Bis Ende 2012 unterhielt Frankreich beim ITS eine Verbindungsmission (FVM), die der Archivdirektion des Auswärtigen Amtes in Paris unterstand. Hauptaufgabe der FVM war die Hilfe für französische Staatsangehörige bei Anfragen an den ITS. Diese wurden von der FVM gesammelt sowie registriert und neben dem ITS auch an andere relevante Stellen wie dem IKRK in Genf übergeben. Der ITS arbeitete darüber hinaus mit der französischen Verbindungsmission auch bei Anfragen ausländischer Staatsangehöriger zusammen, sofern diese sich auf einen Aufenthalt der Betroffenen während des Zweiten Weltkrieges auf französischem Staatsgebiet beziehen.
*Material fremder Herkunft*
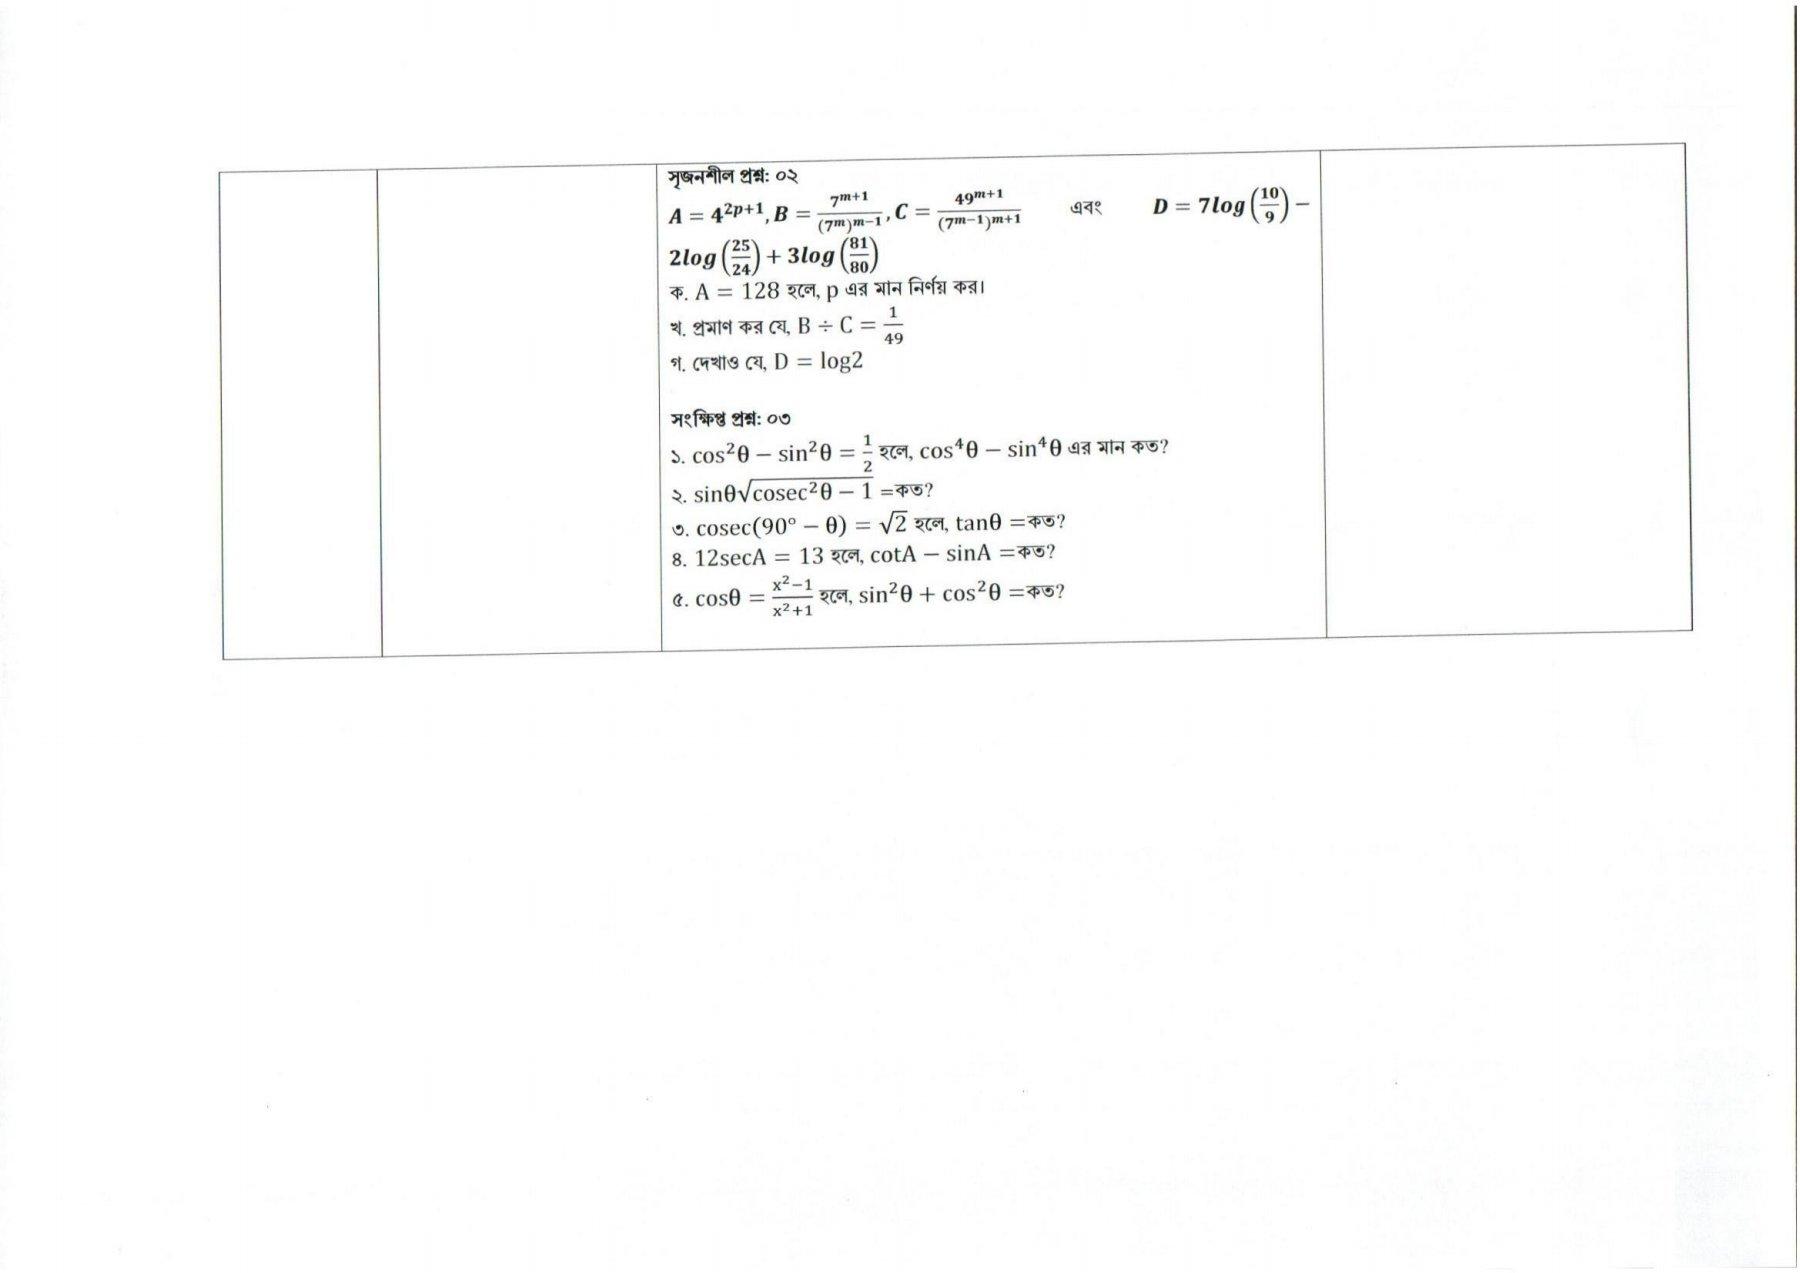 ষষ্ঠ সপ্তাহের নবম/৯ম শ্রেণীর গণিত এসাইনমেন্ট প্রশ্ন ও সমাধান

Am 16. Oktober 2013 wurde der ITS von der UNESCO in das Register des Weltdokumentenerbes (Memory of the World) aufgenommen.
Anfang 2023 wurde Kritik am Arbeitsklima in den Arolsen Archives öffentlich. In einem dem ARD-Politikmagazin Kontraste durch einen Rechtsanwalt vorgelegten Dossier sprachen Mitarbeitende von einer „Kultur der Angst“ und einer „toxischen Arbeitsatmosphäre“.[43] Hierfür verantwortlich gemacht wurden die Direktorin sowie ihr Stellvertreter, die die Einrichtung seit 2016 bzw. 2017 leiten.[43] Insgesamt rund 30 aktuelle und ehemalige Angestellte der Arolsen Archives wiederholten bzw. bestätigten in der Folge gegenüber Medien die Vorwürfe.[44] Sie wandten sich zudem an das Aufsichtsgremium der Arolsen Archives, den Internationalen Ausschuss (IA), und an die Beauftragte der Bundesregierung für Kultur und Medien (BKM) Claudia Roth, in deren Ressort die Arolsen Archives fallen.[43]
In Reaktion auf die Vorwürfe setzte der IA im Auftrag der BKM eine Kommission zur Untersuchung der Sachverhalte ein.[43] Der im Sommer 2023 vorgelegte Abschlussbericht der Kommission stellte fest, es seien "keine arbeitsrechtlich oder strafrechtlich relevanten Pflichtverletzungen der Direktion" festzustellen.[44] Beschäftigte der Arolsen Archives zeigten sich enttäuscht über dieses Ergebnis und kritisierten u. a., dass der Untersuchungszeitraum auf zwei Jahre beschränkt worden war, wodurch zahlreiche Anschuldigungen aus der Untersuchung herausgefallen seien.[44][45] Zudem sei in dem Bericht „systematisches Mobbing“ auf „Einzelfälle“ reduziert worden.[44] In einer im November 2023 erstmals erfolgten öffentlichen Stellungnahme der Direktorin sprach diese in Bezug auf die geschilderten Missstände von Kommunikationsproblemen und Folgen eines herausfordernden Transformationsprozesses.[46] Eine Veröffentlichung des Abschlussberichts wurde vom IA abgelehnt.[46]